2.下記の内容のテキストファイル(文字コードはUTF-8)を作り、ファイル名を「(EXEファイルのファイル名).manifest」(たとえば「VB1.exe.manifest」)としてEXEファイルと同じフォルダに保存します。このとき「name="VB1.exe"」の「VB1.exe」のところを必ずEXEファイルのファイル名(または、「name="Microsoft.Winweb.(EXEファイル名)"」)に変えてください。またversionやdescriptionも変えたほうがよいでしょう。

<?xml version="1.0" encoding="UTF-8" standalone="yes"?>
<assembly xmlns="urn:schemas-microsoft-com:asm.v1" manifestVersion="1.0">
<assemblyIdentity
version="1.0.0.0"
processorArchitecture="X86"
name="VB1.exe"
type="win32"
/>
<description>Description</description>
<dependency>
<dependentAssembly>
<assemblyIdentity
type="win32"
name="Microsoft.Windows.Common-Controls"
version="6.0.0.0"
processorArchitecture="X86"
publicKeyToken="6595b64144ccf1df"
language="*"
/>
</dependentAssembly>
</dependency>
</assembly>

3.EXEファイルを実行させると、きっとXPスタイルになっているでしょう。

マニフェストファイルを実行ファイルに埋め込む

マニフェストファイルを実行ファイルに埋め込む方法は、MSDNの「Using Windows XP Visual Styles With Controls on Windows Forms」や、The Code Projectの「Windows XP Visual Styles for Windows Forms」で紹介されています。つまりは、Win32リソースとしてマニフェストファイルをEXEファイルに埋め込めばよいということです。Visual Studioを使用すると、次のような方法になります。

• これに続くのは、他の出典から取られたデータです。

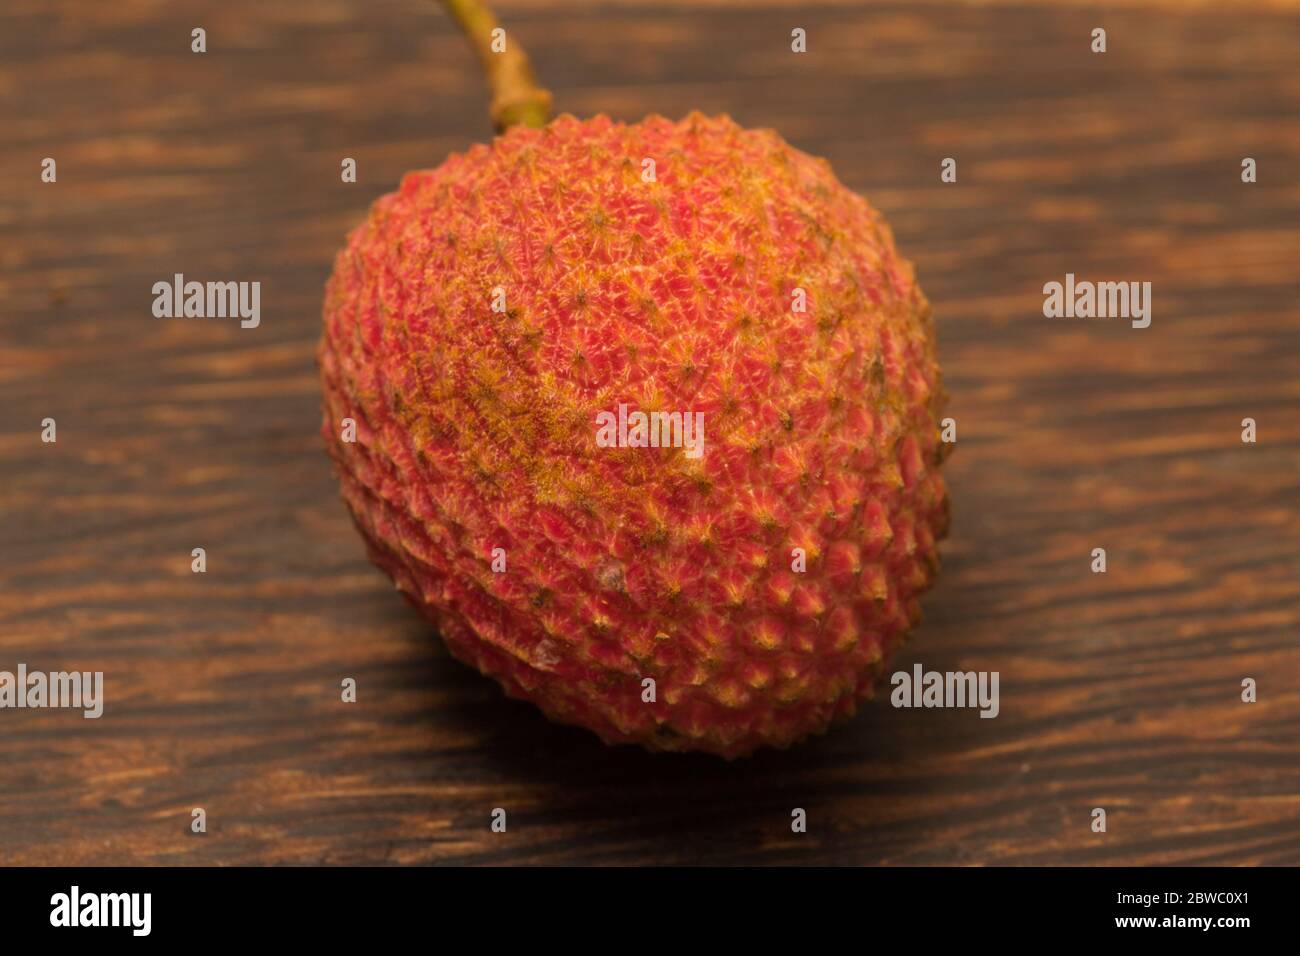 Close-up view of ripe lychee on black wooden background. Stock Photo

1.「ファイル」-「開く」-「ファイル...」により、"obj"フォルダ内の"Debug"または"Release"フォルダの実行ファイルを開きます。

2.実行ファイルを右クリックして表示されるメニューから「リソースの追加...」を選びます。

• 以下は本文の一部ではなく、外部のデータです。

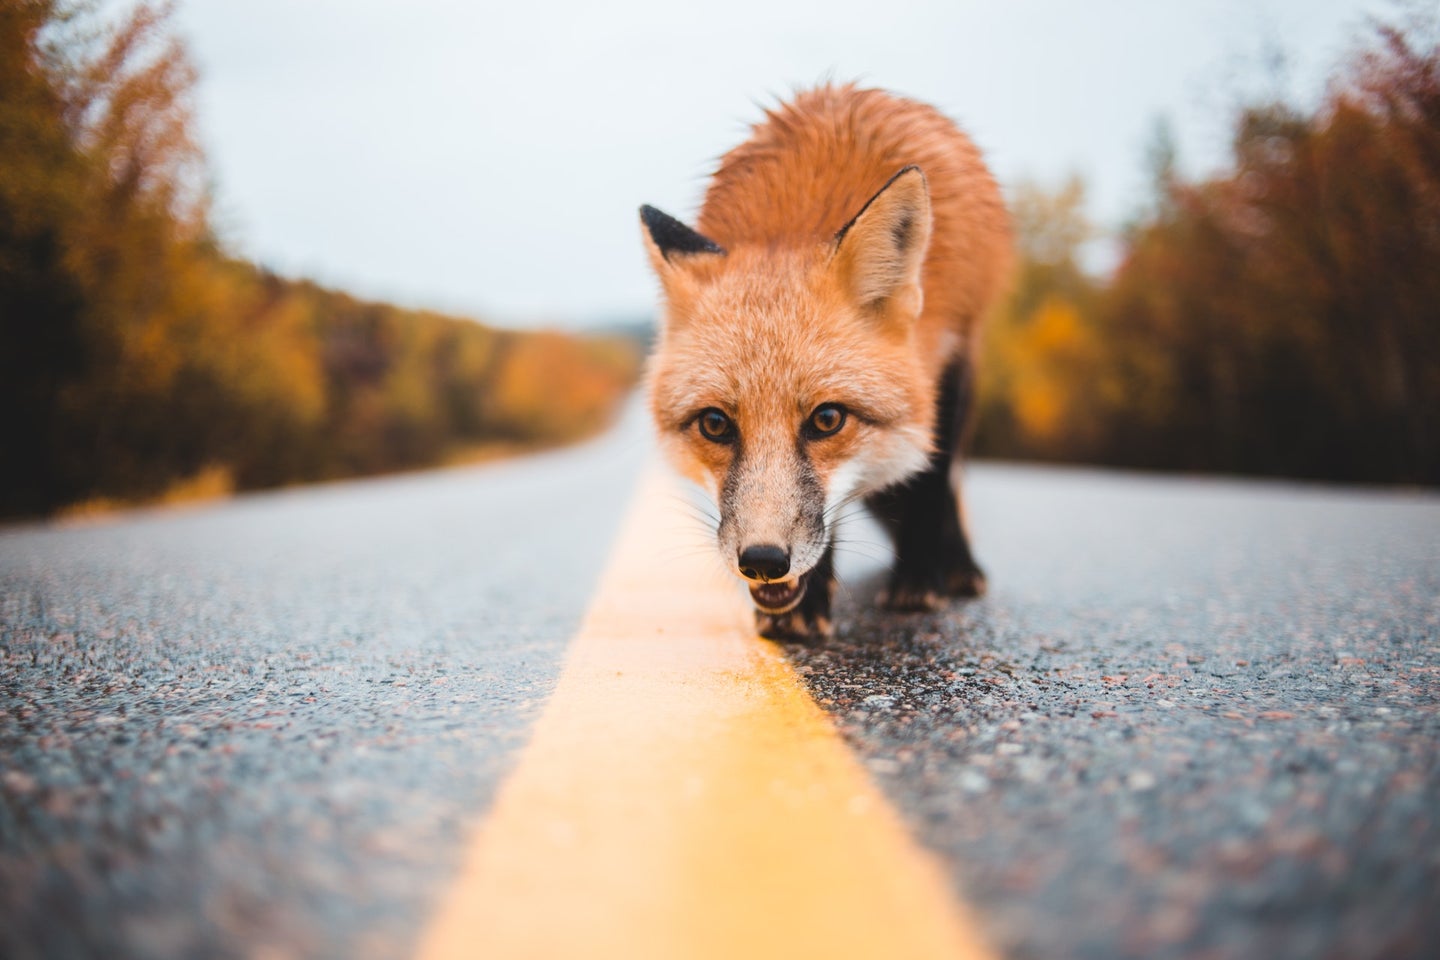 A fox on a street--it's not the rabid one.

3.「インポート...」ボタンをクリックして、すでに作成してあるマニフェストファイルを選びます。

4.「カスタムリソースの種類」ダイアログで、「リソースの種類」に"RT_MANIFEST"と入力して、「OK」をクリックします。

5.「プロパティ」ウィンドウの「ID」を"1"に変更します。

6.保存して、終了です。

補足:または、/win32res(VB.NETでは、/win32resource)コンパイラオプションを使用してcsc.exe(VB.NETでは、vbc.exe)でコンパイルすることによっても可能です。

補足:Visual Studioでマニフェストファイルを埋め込む方法では、ビルド後に毎回埋め込む操作が必要になり、かなり面倒です。簡単に埋め込むためには、それ専用のアプリケーションを利用するという手もあります。ちなみに、マニフェストファイルをEXEファイルに埋め込むことによりXPスタイルにするというオンラインソフトは幾つか存在するようです。Vectorから「XP スタイル」で検索すると幾つかヒットし、その内「ExeStyleXP」はEXEファイルに埋め込むことができ、コマンドラインからも起動できるようで、とても便利です。これを使えば、プロジェクトのプロパティの「ビルド後のイベントコマンドライン」を

"C:\Program Files\ExeStyleXP\ExeStyleXP.exe" "$(TargetPath)"

のようにすることにより、ビルド後に自動的にマニフェストファイルを埋め込むことができるでしょう。

  • 履歴:
  • 2007/2/5 .NET Framework 2.0に関する情報を追加。